When we trained an XGBoost tree algorithm on the subset of the eight most important features, there was no evidence of overfitting to SPRINT, with a root mean square error of 0·1930 (R2=0·47) in the 20% of the holdout test set from SPRINT, compared with 0·1864 (R2=0·52) in the training set consisting of 80% of the SPRINT participants. The learning curve for the performance of the XGBoost algorithm in the training and holdout SPRINT datasets is shown in the appendix (p 17). There was strong correlation between the predictions of the parsimonious (eight variables) and full model (r=0·97, 95% CI 0·96–0·97).
Application of the tool in the independent ACCORD BP trial showed that the predicted personalised benefit of intensive systolic blood pressure reduction did not differ between the intensive and standard treatment groups (p=0·46), which is consistent with the random allocation of these treatments (appendix p 18). However, individuals with the highest predicted personalised MACE benefit had a lower actual MACE risk when assigned to intensive treatment than to standard treatment, with an adjusted HR for time-to-first MACE of 0·70 (95% CI 0·55–0·90) in individuals with above-median predicted benefit (high responders) versus 1·05 (95% CI 0·84–1·32) for below median predicted benefit (low responders; figure 4, pinteraction=0·0184). Nelson-Aalen plots demonstrating the cumulative incidence of MACE in patients with high versus low predicted benefit are shown in figure 4. Among predicted high responders, the hazard curve started to separate 1 year after enrolment in ACCORD BP. These findings were consistent in an analysis where inverse probability censoring weighted estimator accounted for possible dependent censoring (appendix p 19).
Figure 4: External performance of the PRECISION decision support tool in ACCORD BP, a trial of intensive systolic blood pressure reduction among patients with type 2 diabetes.
Nelson-Aalen plots demonstrating the cumulative incidence of MACE in patients with high (above the median; A) versus low (below the median; B) predicted benefit. Models were adjusted for age and sex. ACCORD BP=Action to Control Cardiovascular Risk in Diabetes Blood Pressure trial. HR=hazard ratio. MACE=major adverse cardiovascular event.
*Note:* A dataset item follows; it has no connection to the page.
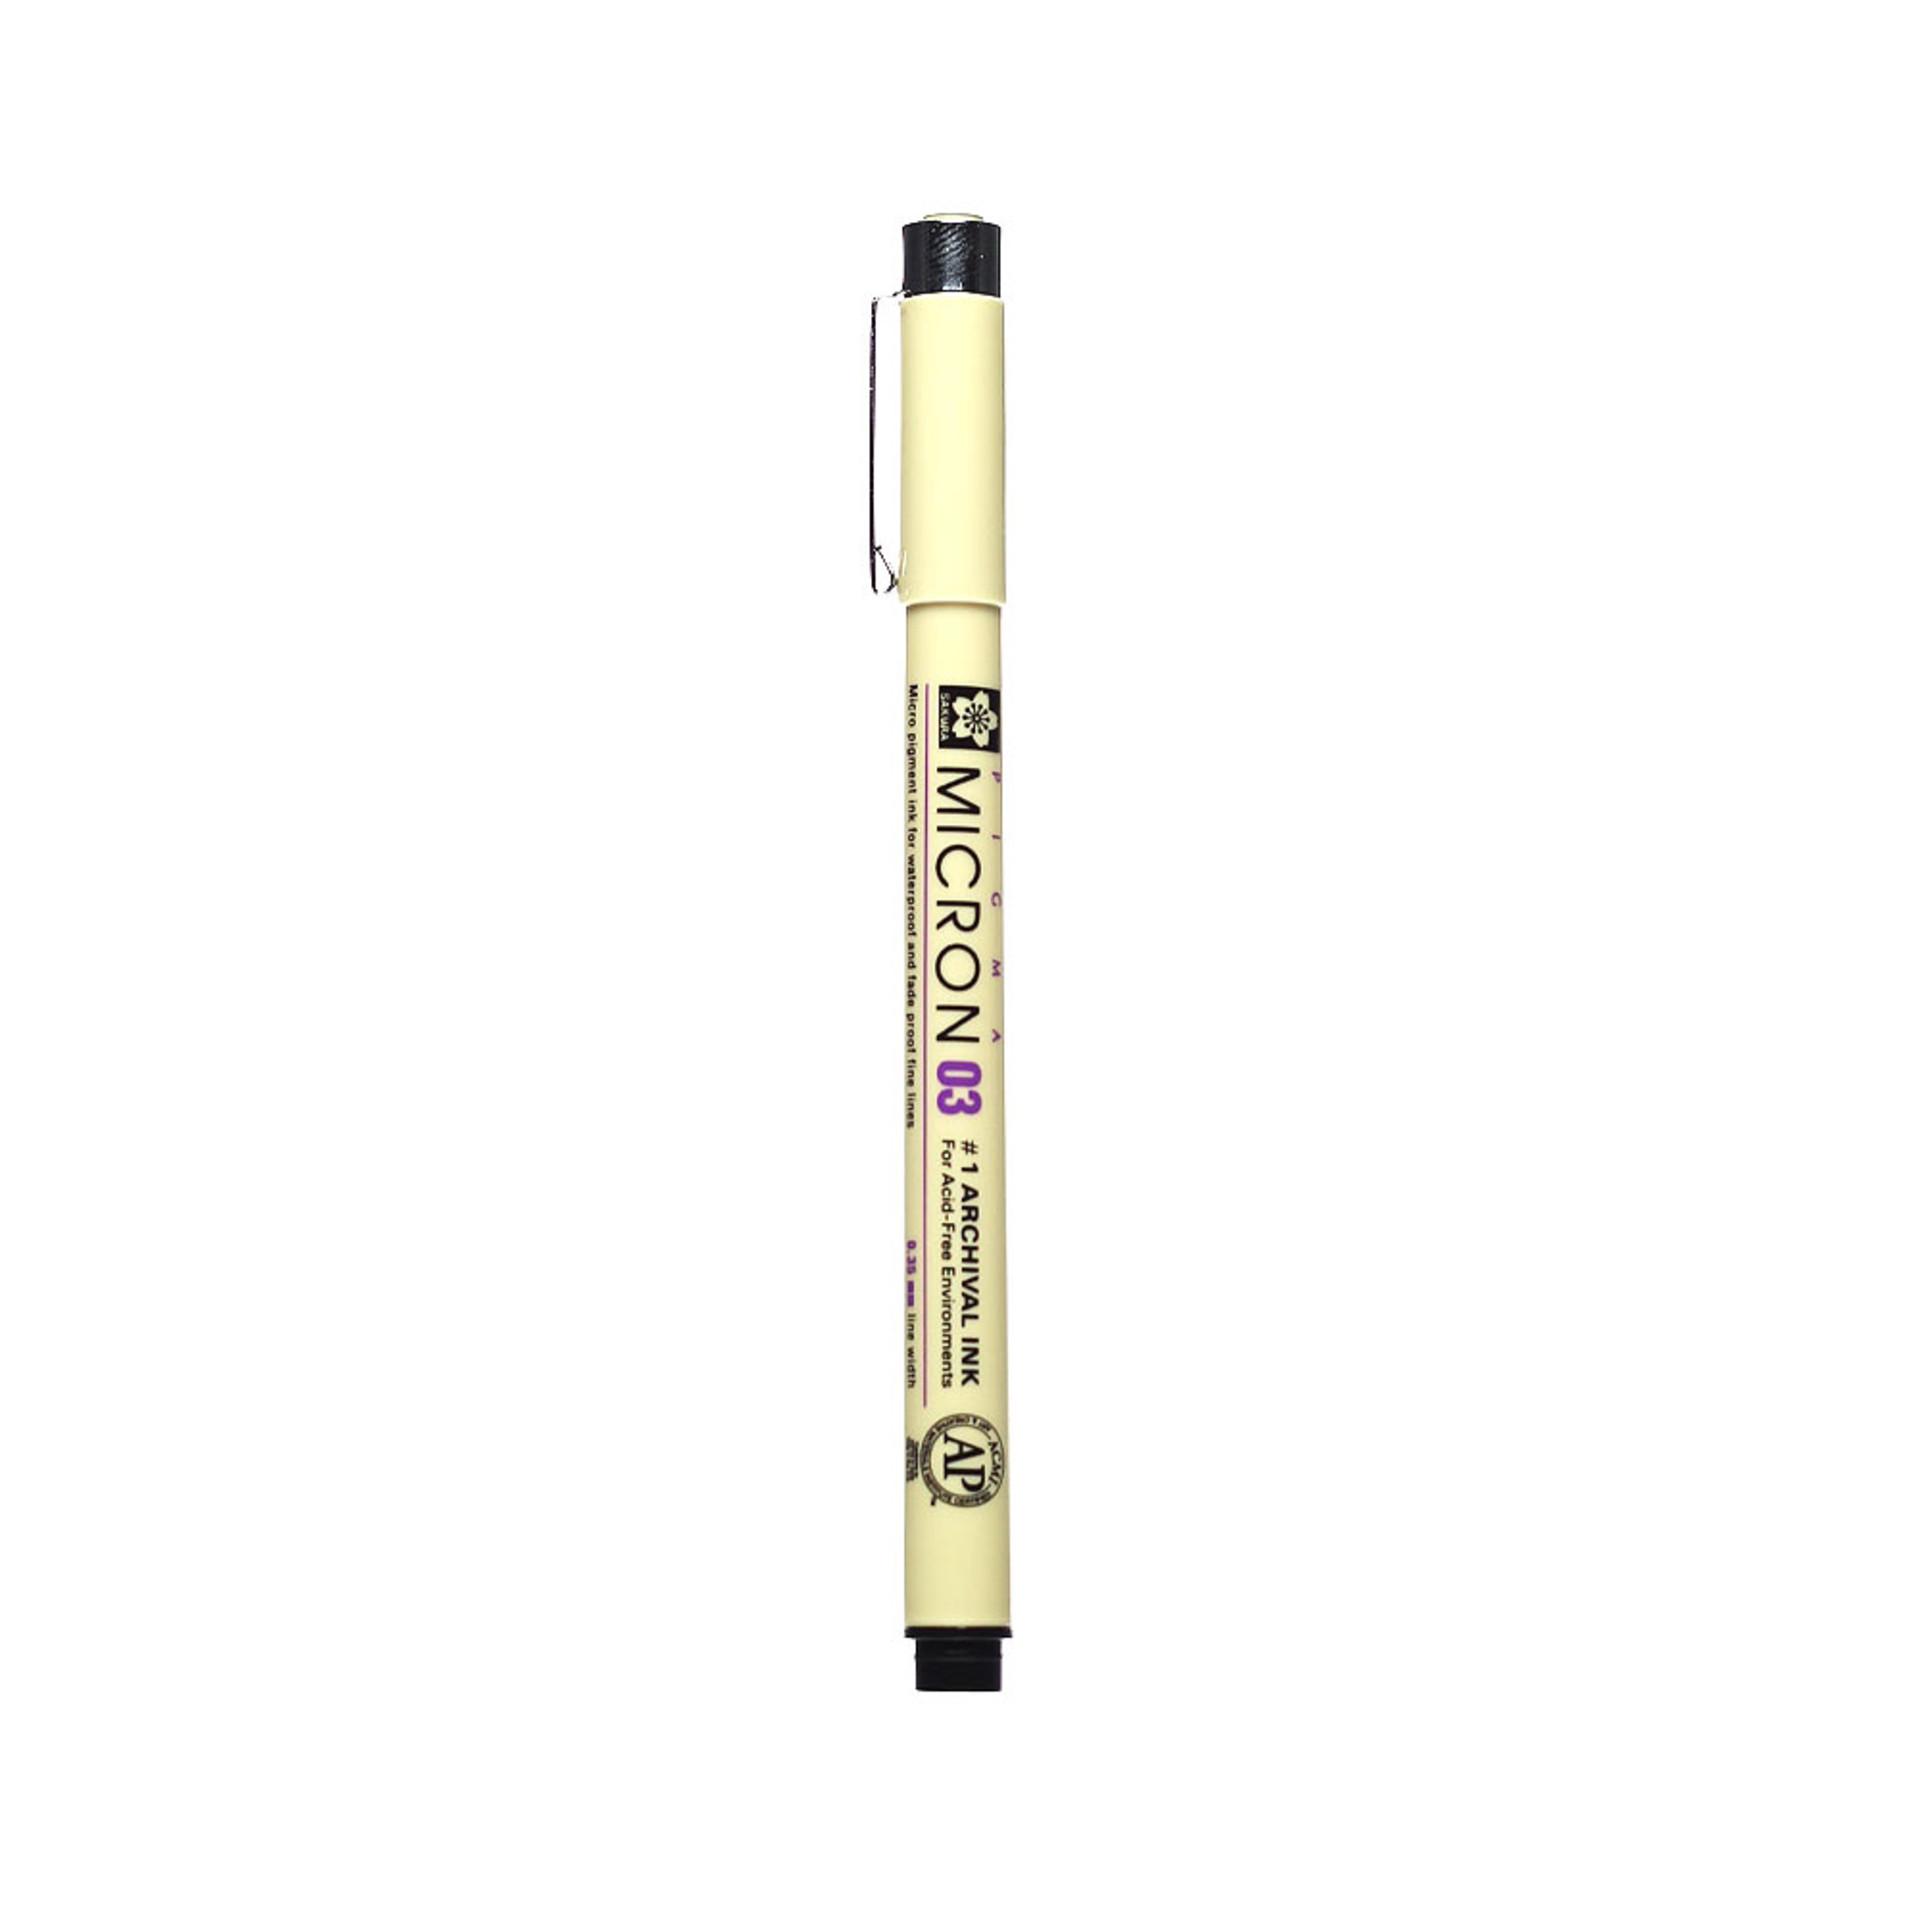 Sakura Pigma Micron 03 .35mm Pen – Black

Subgroup analysis based on age (<65 years: HR 0·89 [95% CI: 0·71–1·12]; ≥65 years: 0·85 [0·67–1·09]), sex (male: 0·89 [0·72–1·10]; female: 0·85 [0·65–1·10]), established cardiovascular disease (no: 0·89 [0·70–1·14]; yes: 0·84 [0·67–1·06]) or active smoking (no: 0·85 [0·71–1·02]; yes: 1·01 [0·64–1·60]) did not identify groups with significant benefit from intensive versus standard systolic blood pressure reduction in type 2 diabetes. A screenshot from the browser-accessible version of our decision support tool can be found in the appendix (p 20).
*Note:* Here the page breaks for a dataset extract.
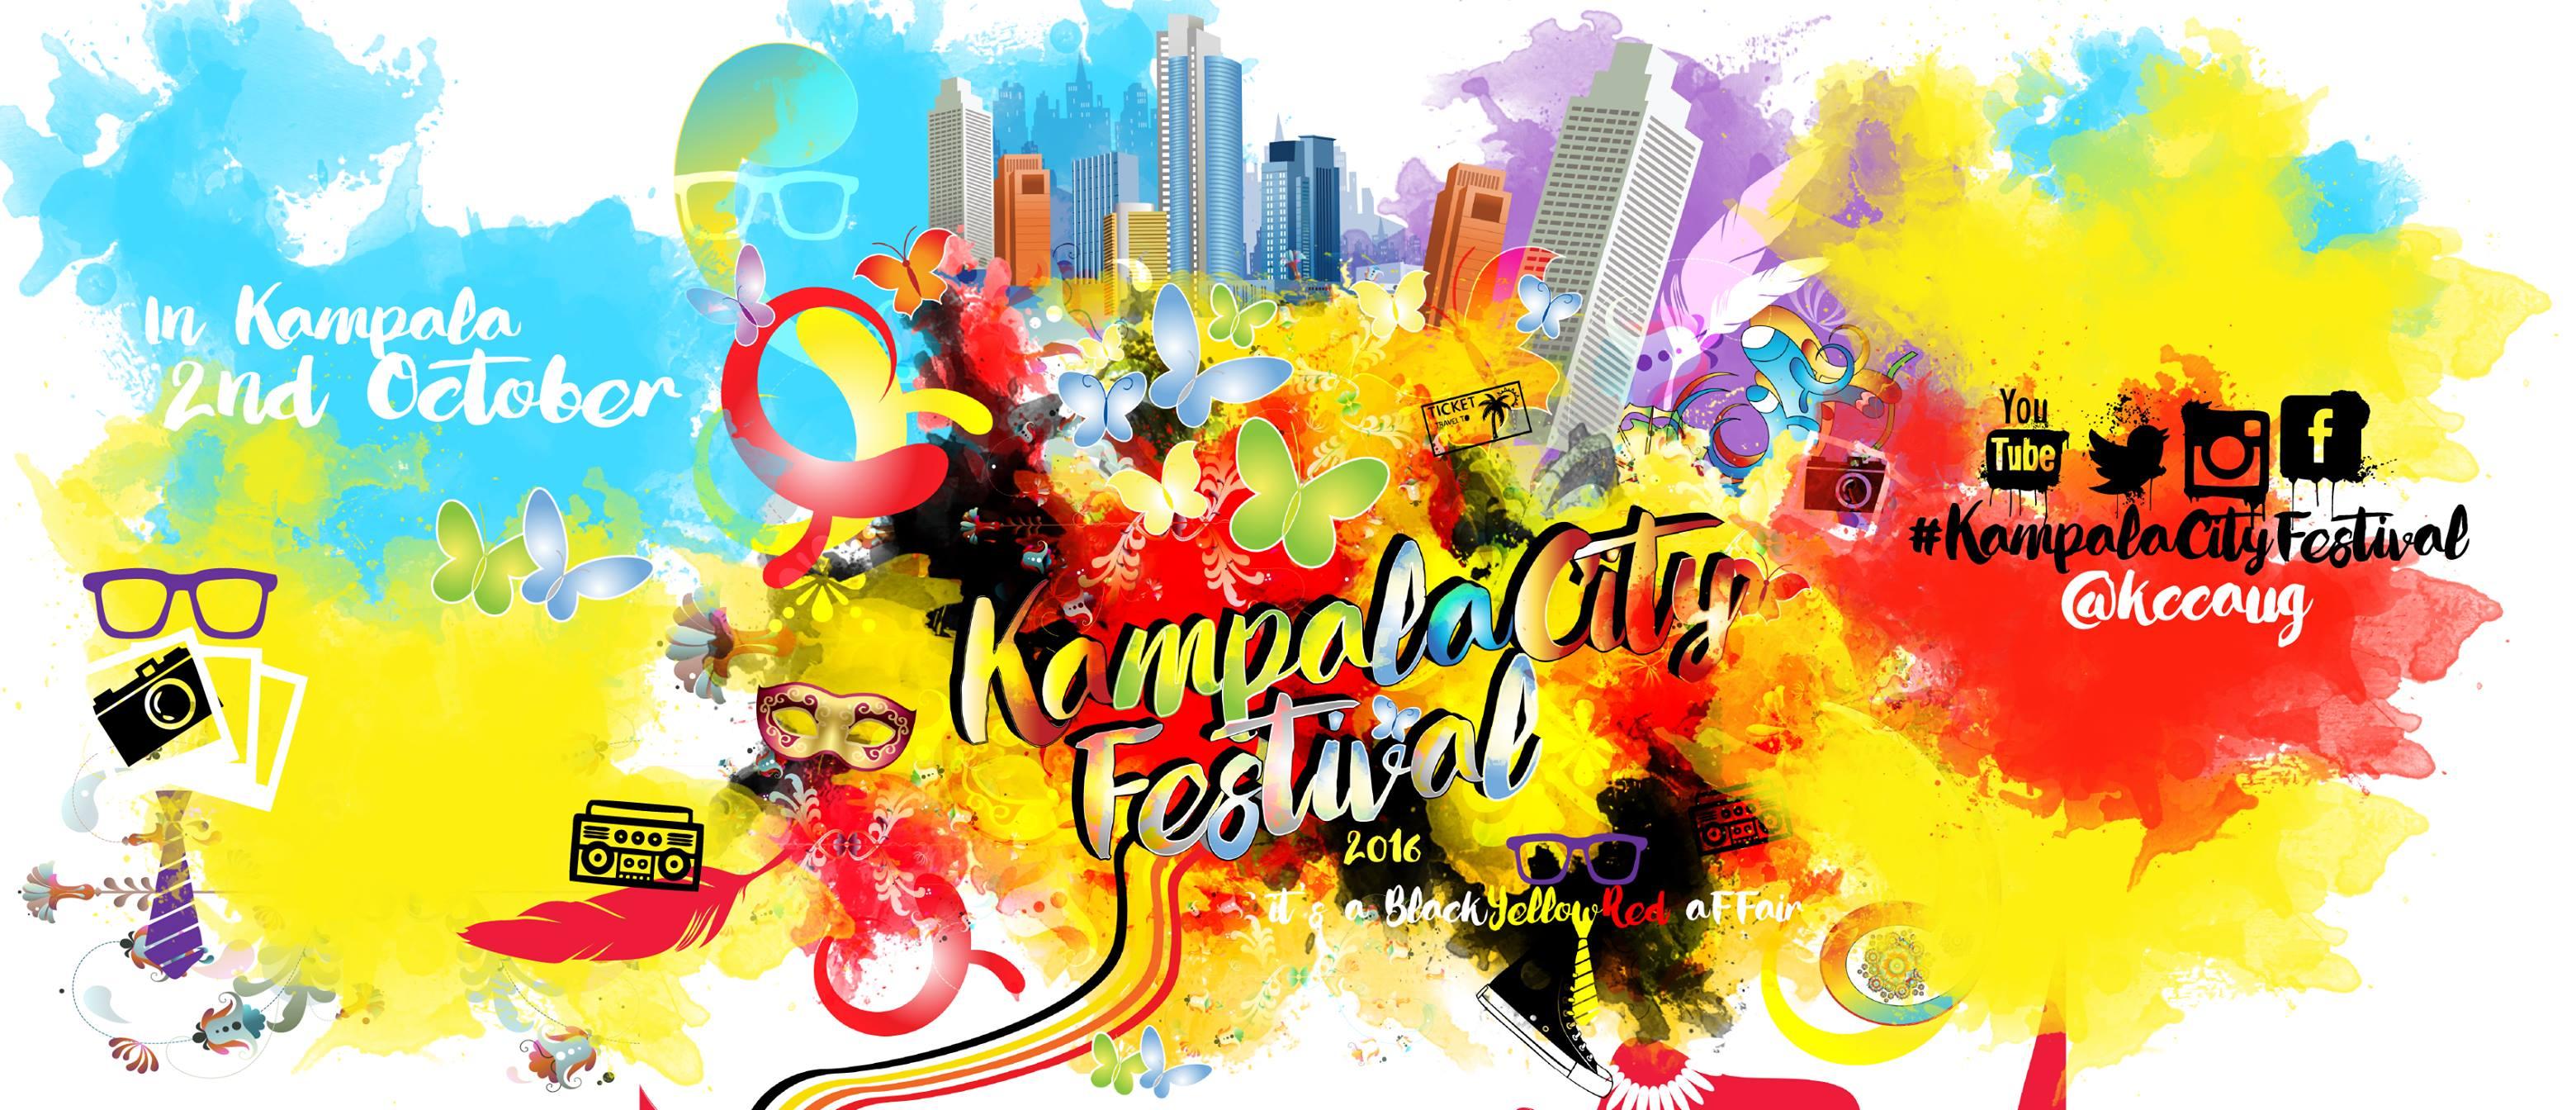 city-festival-13

Our positive control simulation studies confirmed the ability of our approach to discover an artificially introduced treatment-effect heterogeneity. The algorithm detected a phenotypic subgroup of patients with significant treatment-effect heterogeneity (pinteraction<0·0001); however in a negative control study without any simulated treatment-effect heterogeneity, the algorithm defined no subgroups with significant treatment-effect heterogeneity (p=0·35). The effect size detected using our approach was consistent with the effect size introduced in the positive control study (figure 5).
Figure 5: Simulation studies for sensitivity analysis.
(A) The SPRINT population was randomly split into a training and internal validation set (n=6242, 67%) and a testing set (n=3119, 33%). In the positive control simulation, with HTE (B), an average treatment effect of 6% was introduced among women receiving aspirin. In the negative control simulation (no HTE; C), an average treatment effect of 1% was introduced across the population. After defining a dissimilarity matrix and phenomap for the training population and extracting individualised hazard estimates for each participant, an XGBoost model was trained to detect baseline phenotypes associated with HTEs (D). In the held-out test set, the algorithm successfully identified patient groups with HTE in the positive (E) but not the negative (F) control simulations. HR=hazard ratio. HTE=heterogeneous treatment effect. SPRINT=Systolic Blood Pressure Intervention Trial. UMAP=uniform manifold approximation. XGBoost=extreme gradient-boosting algorithm.
Discussion
Using data from SPRINT, we developed a machine learning-based tool that defines the individualised cardiovascular benefit from intensive versus standard systolic blood pressure reduction based on eight core clinical features: sex, renal function (glomerular filtration rate or creatinine), history of coronary disease requiring revascularisation, history of angina, active smoking, and statin or aspirin use. The tool successfully defined a personalised benefit of intensive blood pressure lowering beyond the SPRINT population in patients with type 2 diabetes in the ACCORD BP trial, although there was no benefit from the approach in the overall study population.5 Our algorithm, based on the full breadth and complex inter-relationships of recorded baseline phenotypic information, enabled the extraction of personalised estimates of cardiovascular benefit through iterative analyses of the data from each participant’s unique phenotypic angle. The strategy was robust in simulation experiments with positive and negative control outcomes.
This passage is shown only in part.